An Even Easier Introduction of CUDA (translation)

 

This is a very simple introduction to the CUDA, CUDA is NVIDIA under the name of a very popular parallel computing platforms and models. I wrote about CUDA in 2013, a brief introduction , the article all these years has been very popular. But CUDA became simpler, while the GPU has become a lot faster. Today is the time to update one (even simpler) introduced.

Just use one of CUDA C ++ to create massively parallel CUDA application method. It allows you to use the powerful C ++ programming language to develop high-performance algorithm accelerated by thousands of parallel threads running on the GPU. Many developers in this way accelerate their computing and bandwidth requirements in the application, including artificial intelligence revolution libraries and frameworks (called deep learning) to support ongoing.

So you've heard of CUDA, and you are interested in learning how to use it in your own applications. If you are a C or C ++ programmers, this post should give you a good start. To continue, you need a GPU (Windows, Mac or Linux, any NVIDIA GPU should do) with a CUDA-enabled computer or cloud instances with the GPU (AWS, Azure, IBM SoftLayer and other cloud service) provider have them). You also need to install the free CUDA Toolkit.

let's start!

Starting Simple

We'll start with a simple C ++ program starts, the program adds elements of two arrays, with each array containing one million elements.

#include <iostream>
#include <math.h>

// function to add the elements of two arrays
void add(int n, float *x, float *y)
{
  for (int i = 0; i < n; i++)
      y[i] = x[i] + y[i];
}

int main(void)
{
  int N = 1<<20; // 1M elements

  float *x = new float[N];
  float *y = new float[N];

  // initialize x and y arrays on the host
  for (int i = 0; i < N; i++) {
    x[i] = 1.0f;
    y[i] = 2.0f;
  }

  // Run kernel on 1M elements on the CPU
  add(N, x, y);

  // Check for errors (all values should be 3.0f)
  float maxError = 0.0f;
  for (int i = 0; i < N; i++)
    maxError = fmax(maxError, fabs(y[i]-3.0f));
  std::cout << "Max error: " << maxError << std::endl;

  // Free memory
  delete [] x;
  delete [] y;

  return 0;
}

First, compile and run C ++ programs. The above code in a file and save it as add.cpp, then compiled C ++ compiler. I'm on a Mac, so I use the clang ++, but you can use g ++ on Linux, using MSVC on Windows.

g++ add.cpp -o add

Then he run:

 

As expected, it prints out the sum of no error and then exit (I promise seemingly wrong). Now I want to run this calculation (parallel) on many core GPU. In fact, the first step is very easy.
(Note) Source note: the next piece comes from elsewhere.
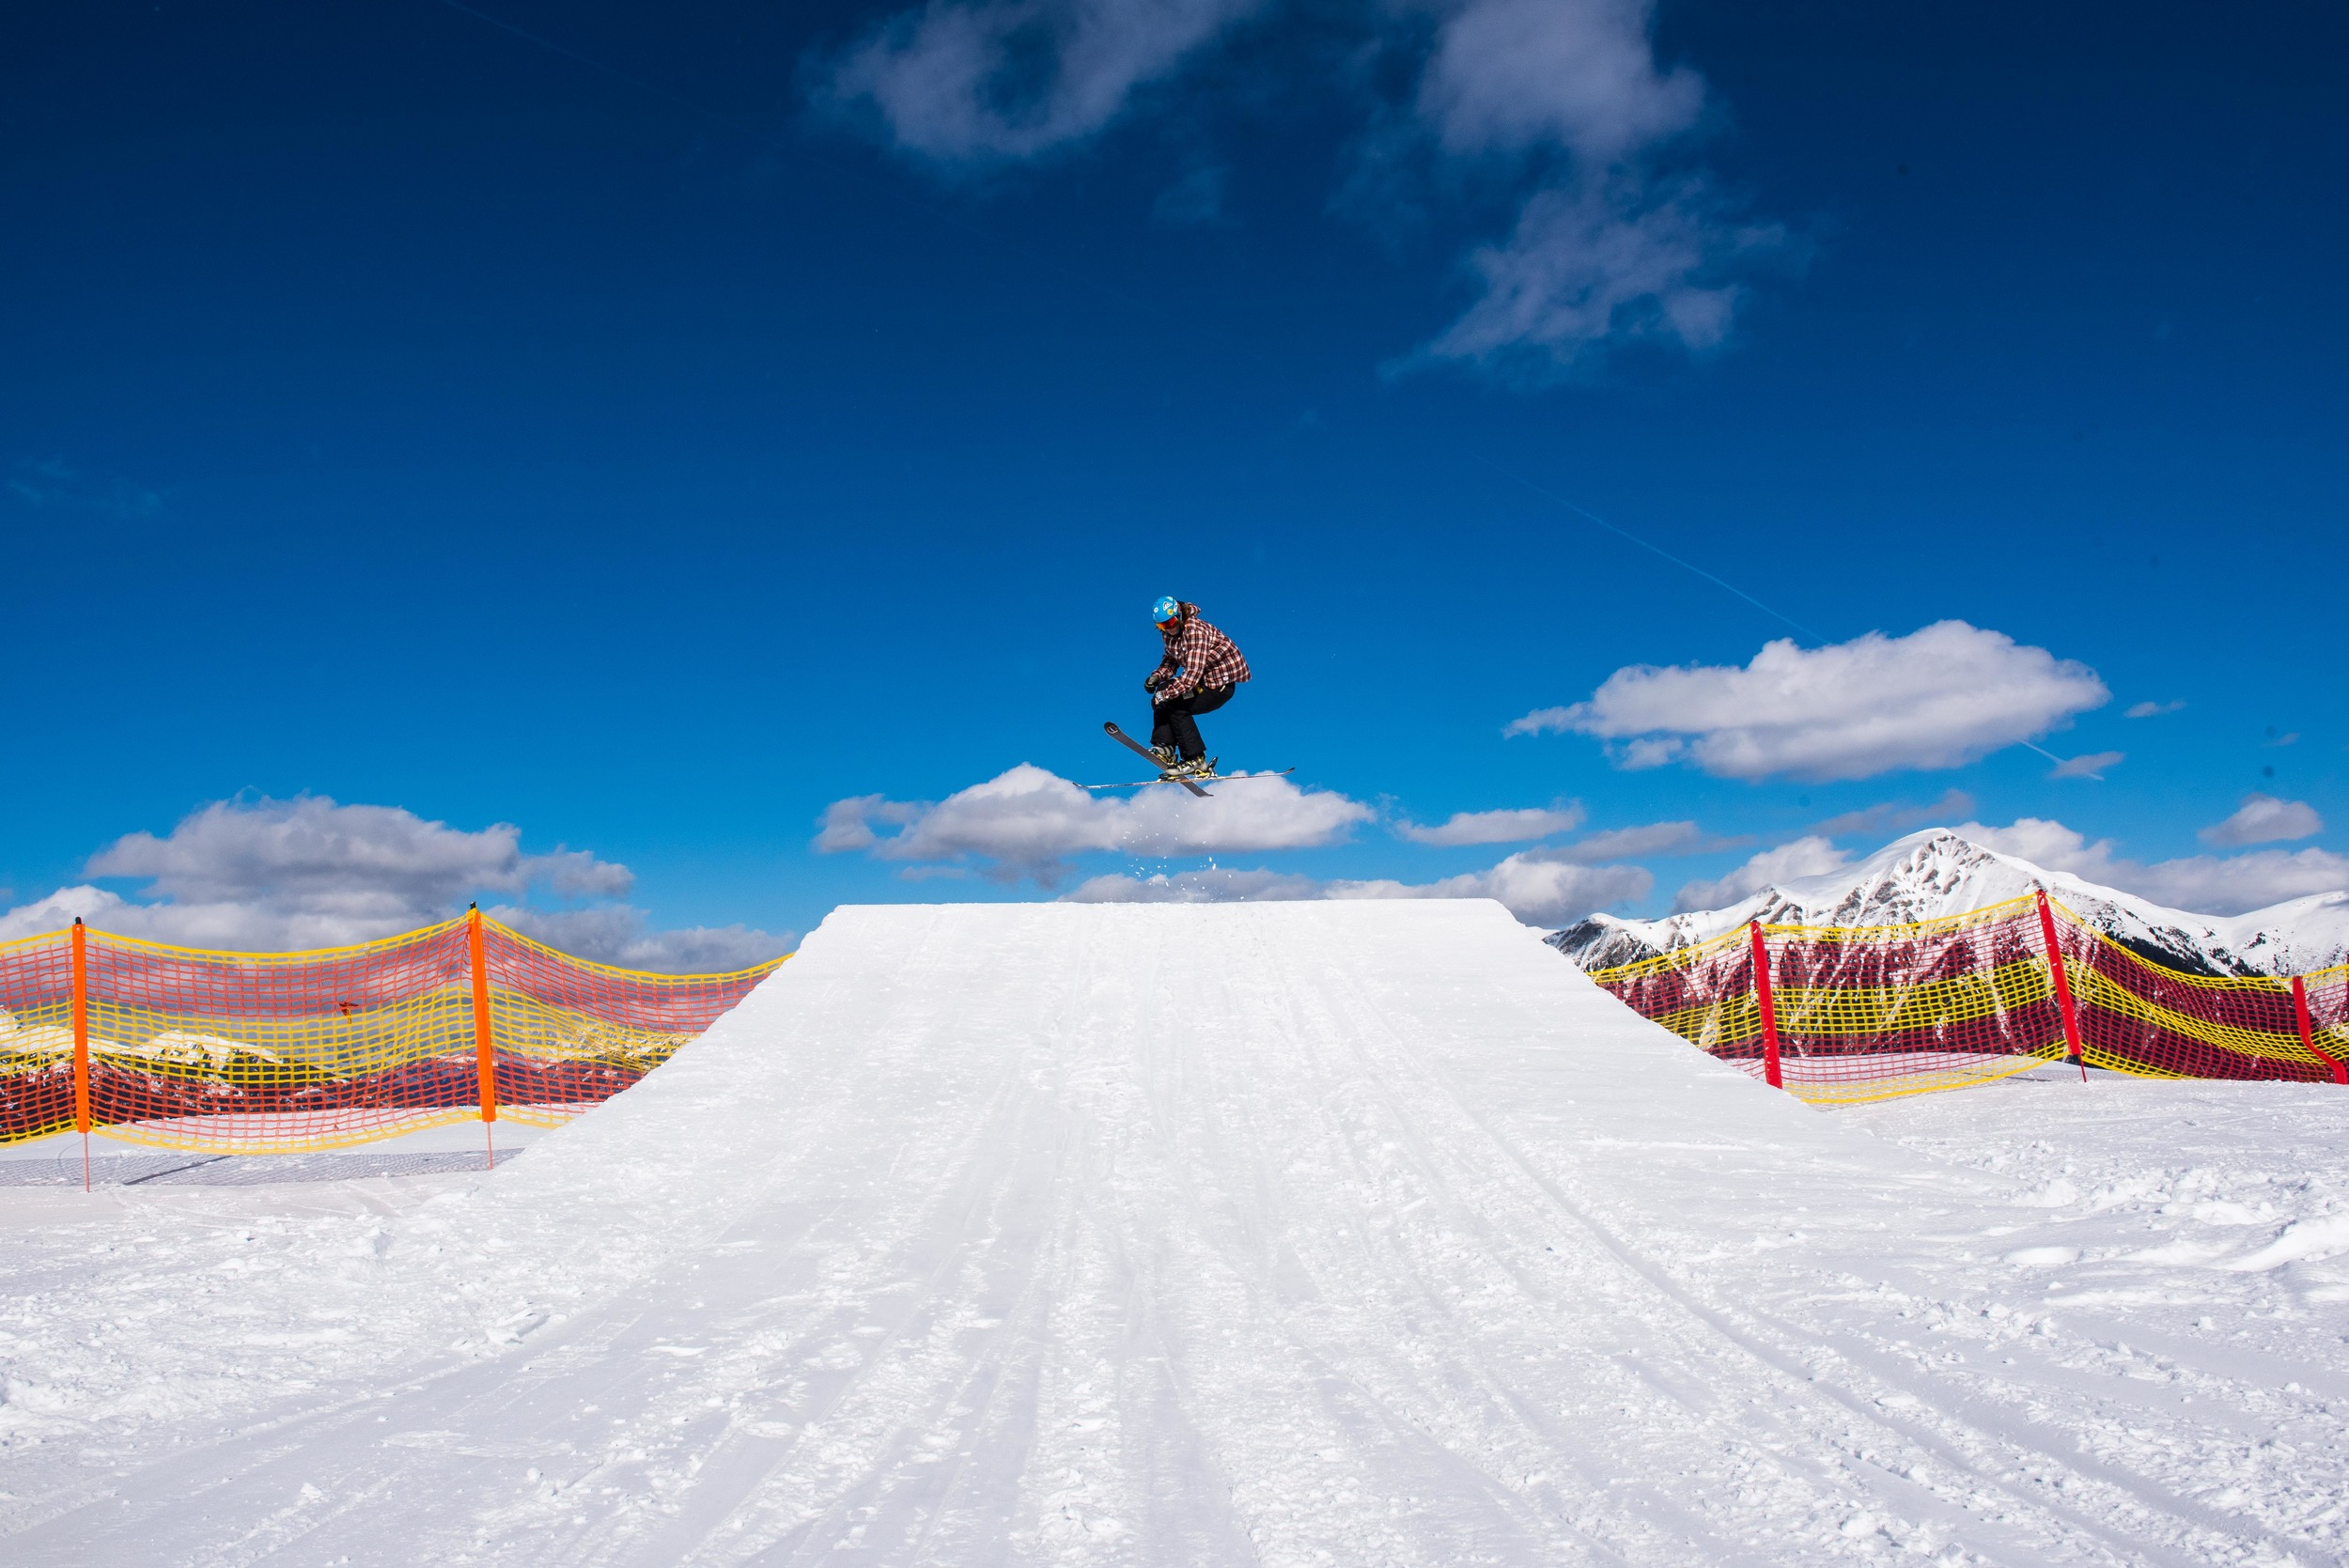 redbull-illume-submission-gustav-thuesen-photographer-fotograf-video-photo-foto-action-sports-adventure-travel-12.jpg

First of all, I just need to convert our add function as a function of GPU can run, called the CUDA kernel. To do this, I have to do is add a specifier __global__ in a function that tells CUDA C ++ compiler which is a function of a run on the GPU and can be called from CPU code.

// CUDA Kernel function to add the elements of two arrays on the GPU
__global__
void add(int n, float *x, float *y)
{
  for (int i = 0; i < n; i++)
      y[i] = x[i] + y[i];
}

These functions are called __global__ kernels' , code running on the GPU commonly referred device code , the code running on the CPU is the host code .

Memory Allocation in CUDA

To be calculated on the GPU, I need to allocate memory GPU can access. CUDA in unified memory ( Unified Memory ) memory to provide a single system for all GPU and CPU can access. We can call cudaMallocManaged () distributes data Unified Memory, this function will return a pointer can be accessed from the host (CPU) code or device (GPU) code. To release the data simply pass a pointer to cudaFree () can be.

I just need to by calling cudaMallocManaged () replace the above code to new calls and calls delete [] replaced by a call cudaFree .

// Allocate Unified Memory -- accessible from CPU or GPU
  float *x, *y;
  cudaMallocManaged(&x, N*sizeof(float));
  cudaMallocManaged(&y, N*sizeof(float));

  ...

  // Free memory
  cudaFree(x);
  cudaFree(y);

Finally, I need to start the Add () Kernel , which it calls on the GPU. <<< >>> triangular bracket syntax specified CUDA kernel. I simply add it to the caller added before the parameter list.

add<<<1, 1>>>(N, x, y);

Very simple! I understand the details in angle brackets as soon as possible; now you need to know is that this line started a GPU threads to run the add ().

One more thing: I need to wait until the CPU can access the complete results of cores (CUDA kernel boot because not block the calling thread CPU). To this end, I simply call on the CPU before a final error check cudaDeviceSynchronize () .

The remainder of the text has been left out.